The major ICGA signs that were both consistently present and easy to record in the four VKH patients having an acute initial uveitis episode with a pre-treatment angiography and an angiographic follow-up for a minimum of 9 months include (1) early choroidal stromal vessel hyperfluorescence and leakage, (2) hypofluorescent dark dots, (3) fuzzy vascular pattern of large stromal vessels and (4) disc hyperfluorescence. All patients were treated with high-dose inflammation suppressive therapy: in two patients, within 14 and 21 days after initial symptoms, respectively, and in the other two patients, within 6 weeks. Hypofluorescent dark dots, the most constant and easily recordable sign, was very prominent in all cases at presentation. A 90% to complete resolution of dark dots was noted in all four patients after 4 months of therapy. The other three major angiographic signs, early choroidal stromal vessel hyperfluorescence and leakage, indistinct fuzzy vessels at the intermediate angiographic phase and disc hyperfluorescence resolved in all cases within 8 weeks or less of high-dose inflammation suppressive therapy. In three of the four patients, dark dots reappeared after a mean of 7.8 +/- 2.8 months after onset of therapy when the patients were under a mean corticosteroid dose of 13.2 +/- 6.3 mg per day without any significant clinical or fluorescein angiographic signs, indicating subclinical recurrence. An increase in the inflammation suppressive therapy again brought about angiographic resolution of choroidal subclinical disease in all cases.
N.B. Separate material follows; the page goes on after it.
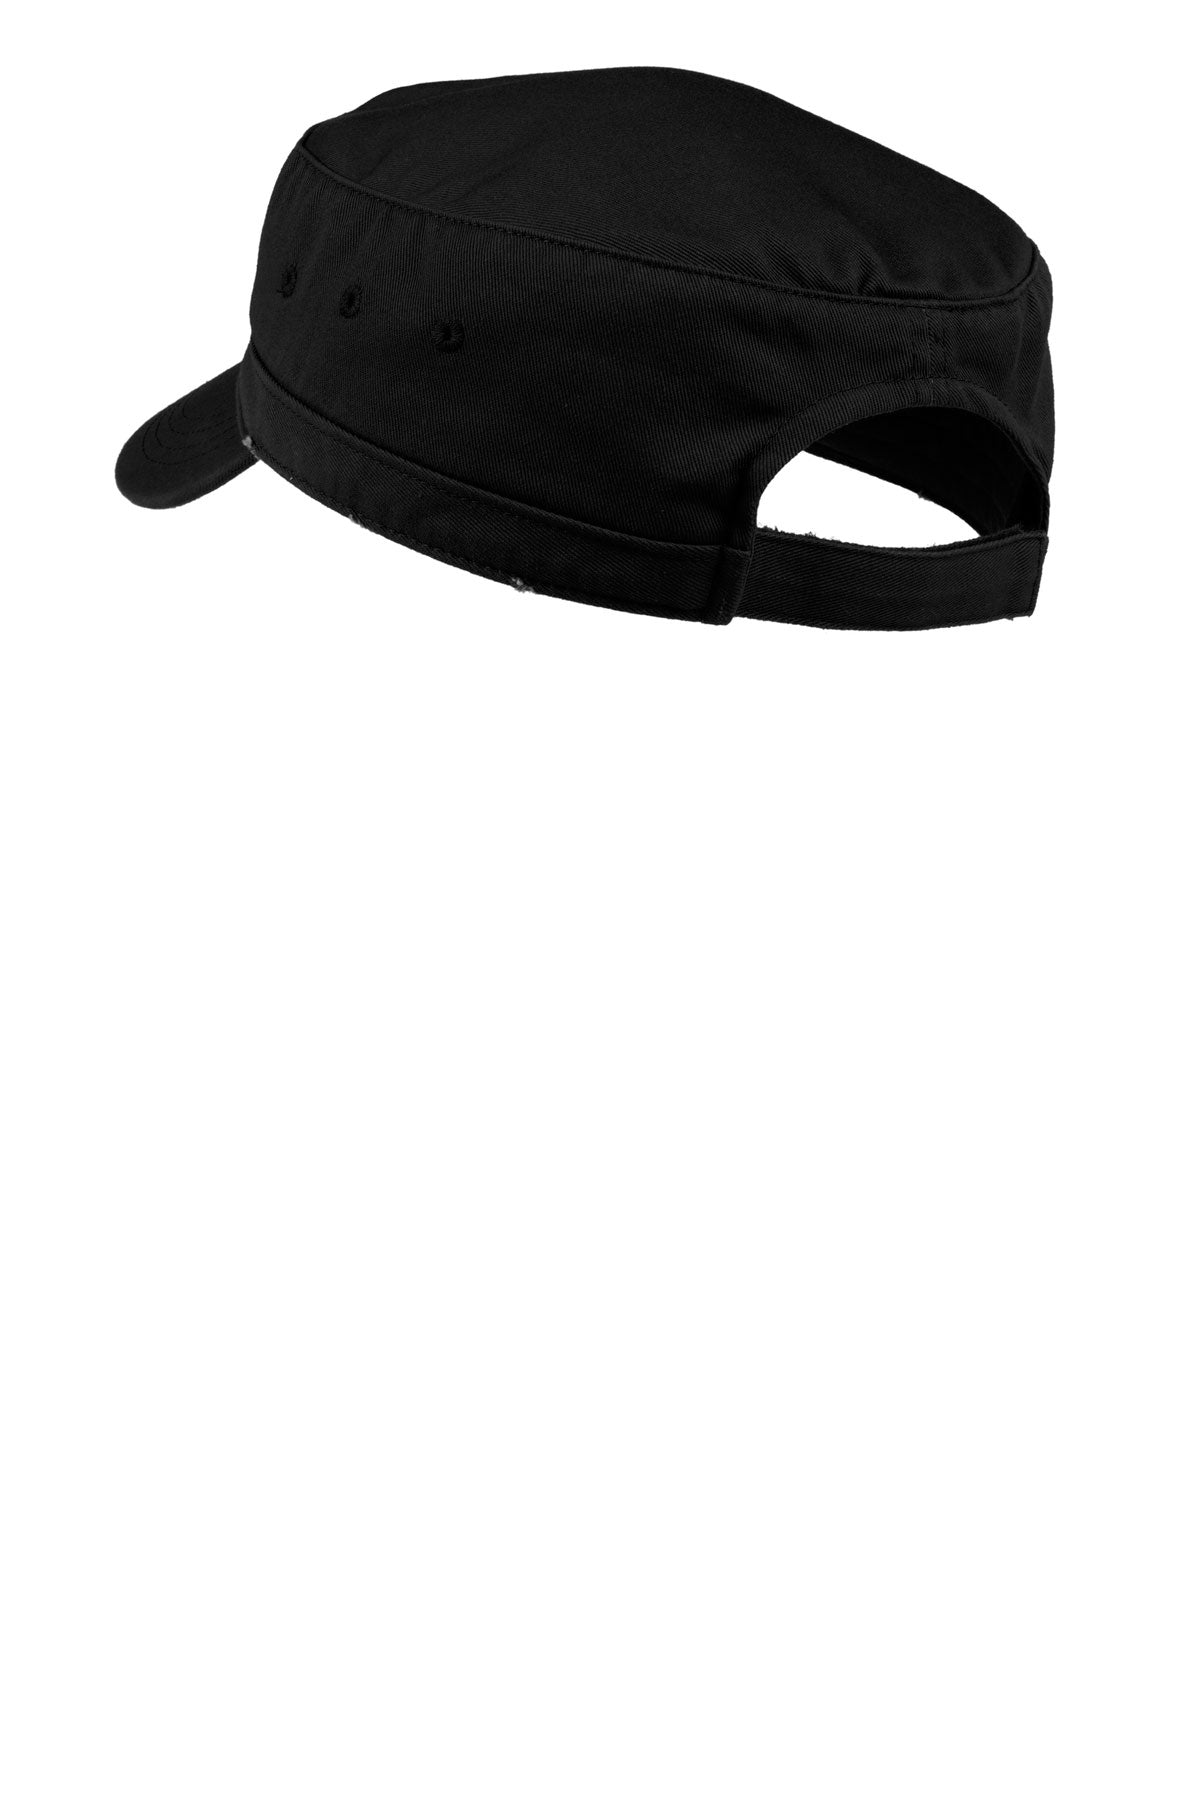 District Distressed Military Hats, Black
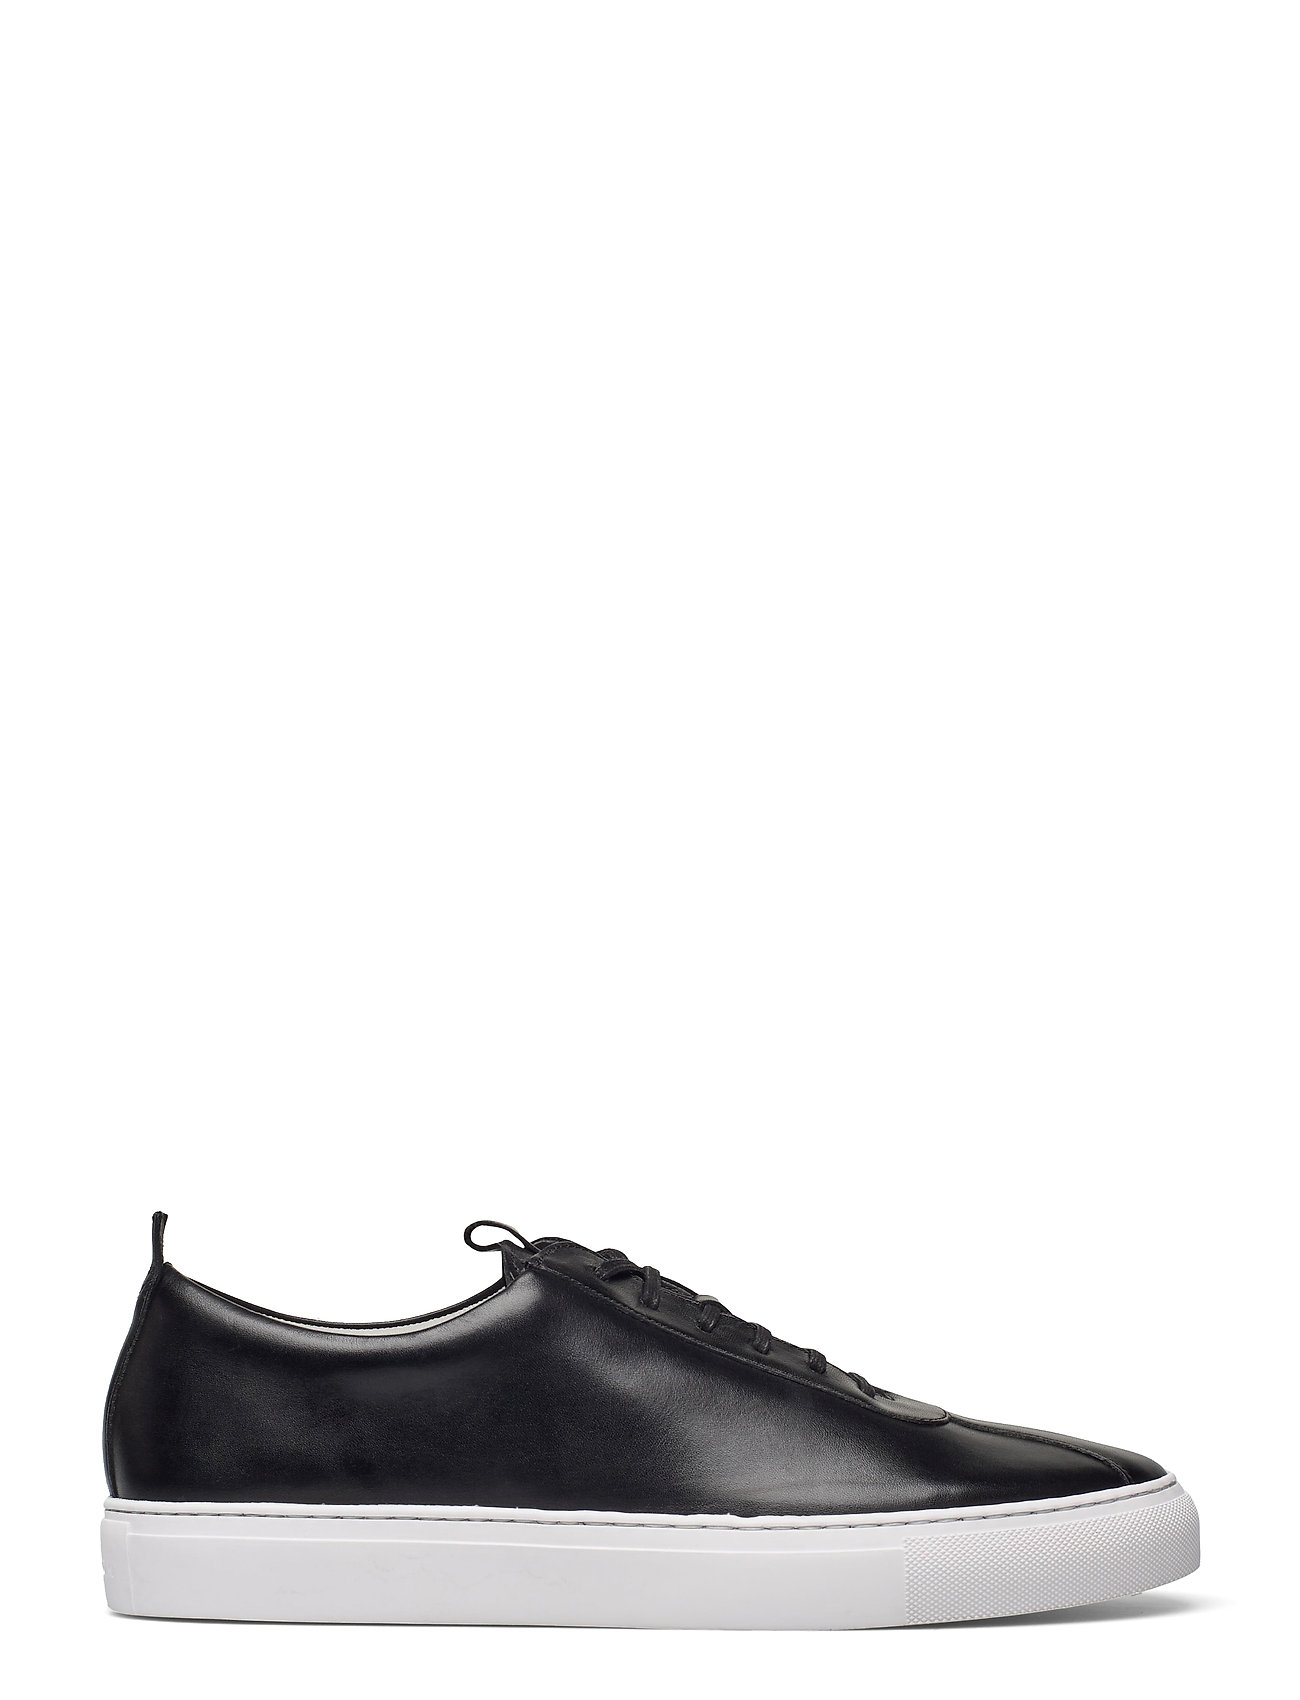 CALF Grenson 1 Low-top Sneakers Grenson sneakers for herre - Pashion.dk

Choroidal inflammation shown by ICG angiography can be suppressed completely by initial high-dose inflammation suppressive therapy. However, recurrent subclinical choroidal inflammation is detected at the end of the tapering period in a high proportion of cases. This indicates that, in the absence of an ICGA follow-up, undetected smoldering subclinical disease may persist, thereby explaining the frequently reported evolution towards sunset glow fundus despite an apparently controlled disease. This is a clear indication that VKH disease should be followed by ICG angiography and, in the case of choroidal subclinical reactivation, a reversal of therapy tapering and an extension of therapy duration should be considered.
第一,综述Vogt-小柳原田(VKH)病的特征性吲哚青绿血管造影(ICGA)表现;第二,确定ICG血管造影在初始大剂量炎症抑制治疗期间及治疗减量期间评估脉络膜炎症活动及随访中的作用。
我们首先回顾了VKH病的特征性ICGA表现。随后对4例急性初发性VKH葡萄膜炎患者进行研究,这些患者接受了至少9个月的定期初始和随访血管造影检查。记录发病时的典型ICGA表现并随访至少9个月,并与治疗水平相关联。治疗包括高剂量口服糖皮质激素(0.8 - 1.5mg/kg),超急性病例先静脉注射甲基强的松龙脉冲治疗(500 - 1000mg)3天,反应不足的病例随后非常缓慢地减量并加用免疫抑制剂。
在4例急性初发性葡萄膜炎且有治疗前血管造影及至少9个月血管造影随访的VKH患者中,始终存在且易于记录的主要ICGA表现包括:(1)早期脉络膜基质血管高荧光和渗漏;(2)低荧光暗点;(3)大基质血管模糊血管形态;(4)视盘高荧光。所有患者均接受高剂量炎症抑制治疗:2例患者分别在初始症状出现后14天和21天内开始治疗,另外2例患者在6周内开始治疗。低荧光暗点是最恒定且易于记录的表现,在所有病例就诊时都非常明显。治疗4个月后,所有4例患者的暗点有九成至完全消退。其他三个主要血管造影表现,即早期脉络膜基质血管高荧光和渗漏;血管造影中期模糊不清的血管;视盘高荧光,在高剂量炎症抑制治疗8周或更短时间内均在所有病例中消退。4例患者中有3例在治疗开始后平均7.8±2.8个月出现暗点复发,此时患者平均糖皮质激素剂量为每天13.2±6.3mg,无任何明显临床或荧光素血管造影表现,提示亚临床复发。再次增加炎症抑制治疗后,所有病例脉络膜亚临床病变血管造影表现均消退。
初始大剂量炎症抑制治疗可完全抑制ICG血管造影显示的脉络膜炎症。然而,在高比例病例中,减量期结束时可检测到亚临床脉络膜炎症复发。这表明,若无ICGA随访,未检测到的隐匿性亚临床疾病可能持续存在,从而解释了尽管疾病看似得到控制,但仍频繁报道出现晚霞样眼底的演变情况。这明确表明VKH病应进行ICGA随访,若出现脉络膜亚临床再激活,应考虑逆转治疗减量并延长治疗时间。